I would certainly call this an argument in algebraic geometry, by the way — algebraic geometers certainly do work over finite fields and not only over their algebraic closures! And arguments like the one presented here, where one shows existence of a polynomial vanishing on some specified set (i.e. a variety passing through some set of points) are quite common, even when the variety is, as you describe it, “generic” and not some specific algebraic set contemplated in advance.

24 March, 2008 at 4:24 pm

Terence TaoDear JSE,

Well, you’re much closer to algebraic geometry as it is currently practised than I am, so I will cede the point (my knowledge of the subject sort of stops at the graduate level). It does seem hard to draw a sharp line where the algebraic geometry stops and the combinatorics begins. On the other hand, there does seem to be some differences in emphasis between this type of algebraic extremal combinatorics and more classical algebraic geometry. For instance, in the combinatorial approach one tends to study polynomials individually (except when it is necessary to invoke dimension-counting arguments, as in the above lemma), whereas in classical algebraic geometry one tends to collect polynomials into ideals or rings and manipulate those objects instead. It also seems that many of the fundamental theorems in algebraic geometry (e.g. Hilbert’s nullstellensatz) are not directly useful for combinatorics (due in part to their reliance on algebraic closure, and also because the effective bounds associated with such theorems are sometimes a bit poor), though there are often very useful substitutes (e.g. Alon’s combinatorial nullstellensatz) which can be used instead. Still, the two subjects are definitely extremely close to each other (as I said above, one can certainly classify the polynomial method as belonging to the broader subject of algebraic geometry, even if it does not exactly fit into the classical approach to the subject).

24 March, 2008 at 4:43 pm

carlbrannenOkay, intuitively I understand the 2-d case. But only by translating it into blue-collar terms. What’s the minimum tread area in which you can turn a forklift 360 degrees? (If you only count area where the front wheels diverge from the paths of the rear wheels or vice versa.) The solution is to not turn the steering wheel much, but to take long cuts.

24 March, 2008 at 7:09 pm

ninguemThere is something missing in the proof of the proposition. You proved that P_d vanishes for all v nonzero in F^n. That is not the same as P_d being identically zero since F is finite. I guess that should follow from d < |F| but is not automatic.

24 March, 2008 at 7:15 pm

Terence TaoGood point; I’ve amended the proof of the proposition accordingly.

25 March, 2008 at 7:32 am

Give the people (who like the Kakeya problem) what they want « Quomodocumque[…] the people (who like the Kakeya problem) what they want 25Mar08 Wow — make one comment on Terry’s blog and you get a ton of […]

26 March, 2008 at 6:30 am

JSEHere’s another question, in the vein of “how seriously should we take the analogy between the finite field situation and the Euclidean situation”?

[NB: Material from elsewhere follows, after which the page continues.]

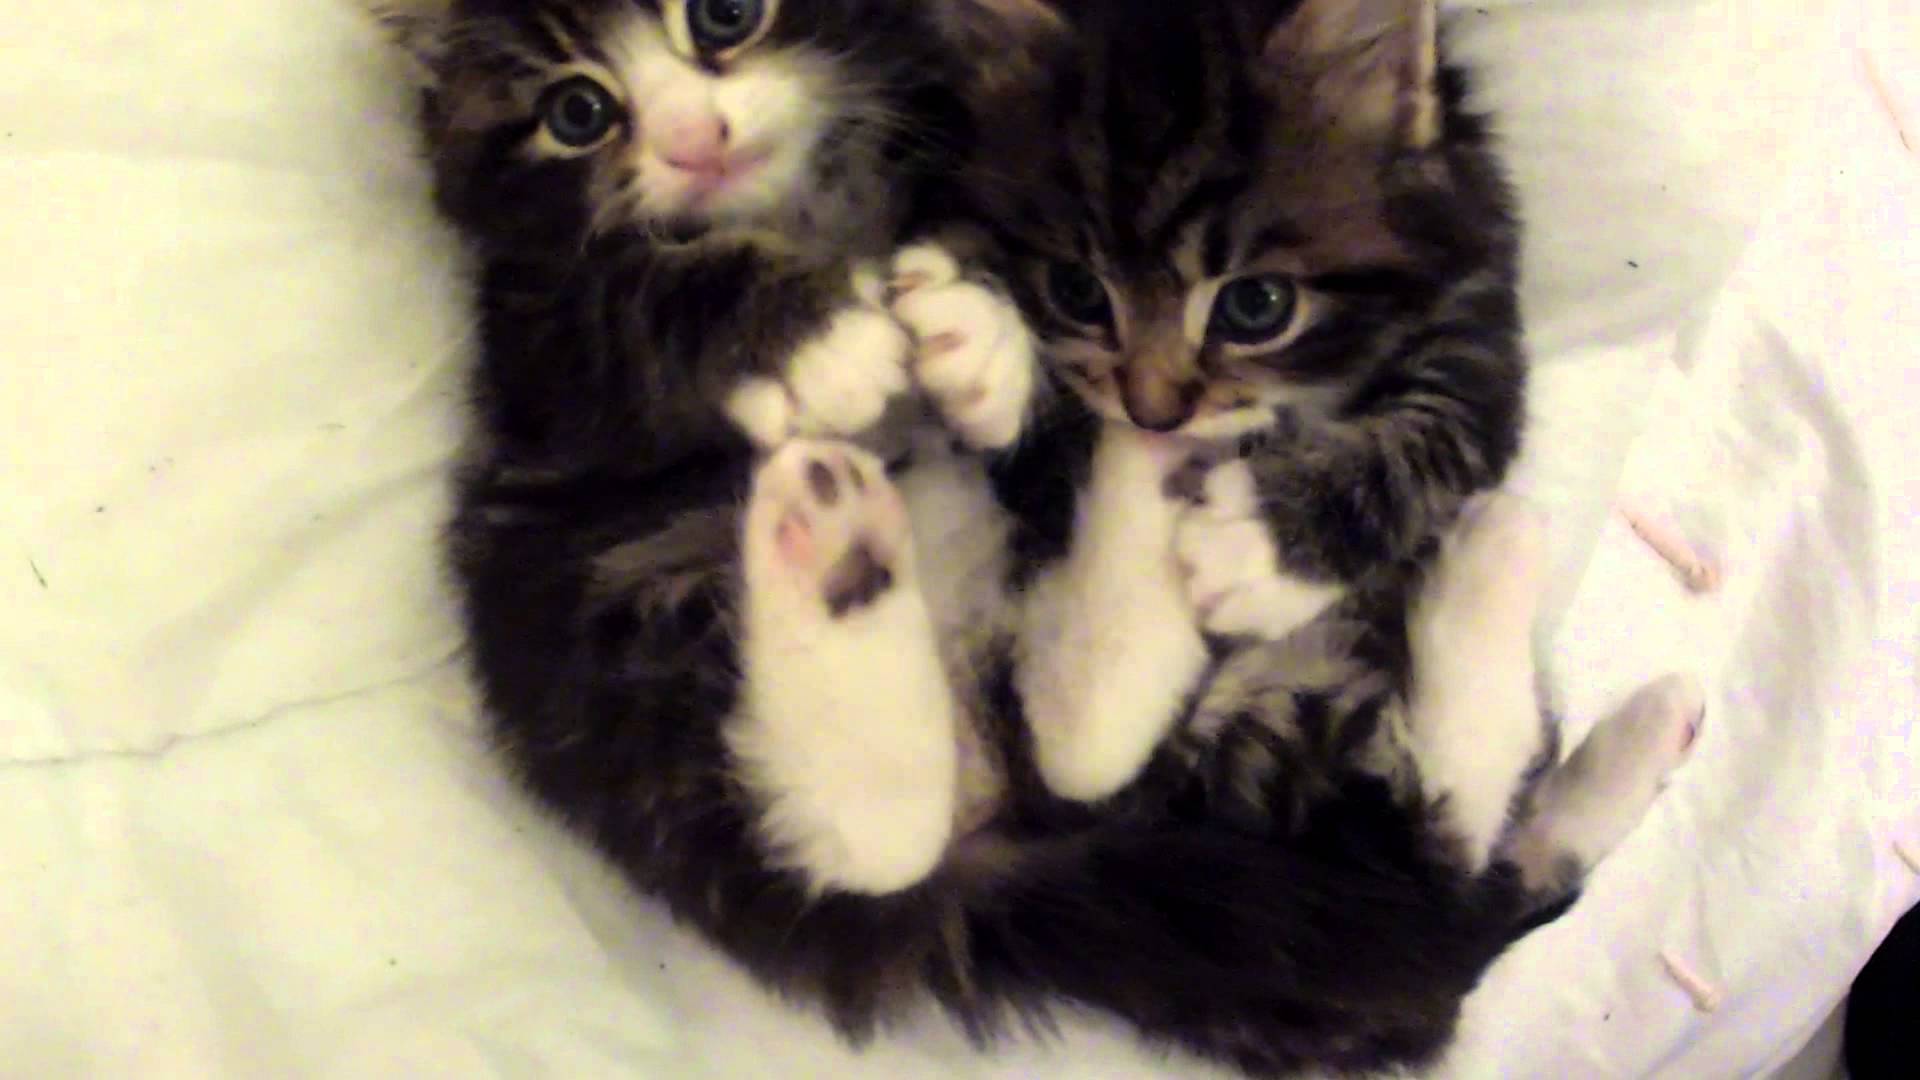 Cute Tabby Kitten's! (SMALL KITTENS) - YouTube

(as usual, all math here is done on the fly and should not be considered checked.)

Suppose that you fix some constants c_n and consider subsets S of F_q^n with cardinality at most c_n q^d; is this what you would take as a model for a subset of R^n with Hausdorff dimension at most d?

Now one can find a polynomial f of degree on order q^{d/n} vanishing on S.

Let L be a line intersecting S in more than q^{d/n} points. Then f must vanish identically on L. So f also vanishes at the intersection of L with H, the hyperplane at infinity.

As in Dvir’s argument we can represent f projectively by a homogeneous form of degree at most q^{d/n} which doesn’t vanish identically on H. So its vanishing on H is contained in a hypersurface of degree at most q^{d/n}, which should have at most q^{n -2 + d/n} points or so. So this is an upper bound for the number of directions in which there exists a line with “excess intersection” with S in this sense.

So here’s a question — Let S be a subset of R^n of Hausdorff dimension d, and let D be the set of directions in which there exists a line L such that L intersect S has Hausdorff dimension greater than d/n. Do you expect it to follow that D has Hausdorff dimension at most n-2+d/n?

This evidently implies the Kakeya conjecture; do you see it as essentially the same, or is this a much stronger statement?

26 March, 2008 at 9:14 am

Terence TaoThe standard conjecture for this is the Kakeya maximal function conjecture. Ignoring factors of , the finite field version of this conjecture is the following: if S is a set and D is a set of directions in which there exists a line L that intersects S in at least k points, then

(*)

The Kakeya set conjecture essentially corresponds to the case in which and . Other extreme cases include the case (a point) and (a line).

In Euclidean space, the analogue of the conjecture is as follows: if , S is a -separated set in and D is a -separated set of directions in which there exists a unit line segment which comes within of at least k points in S, then

(**)

(i.e. basically plays the role of q in the Euclidean case). Morally speaking (ignoring technicalities regarding the distinction between Hausdorff dimension, lower Minkowski dimension, and upper Minkowski dimension), (**) implies that

(***)

whenever D is a family of lines which intersect S in a set of dimension s.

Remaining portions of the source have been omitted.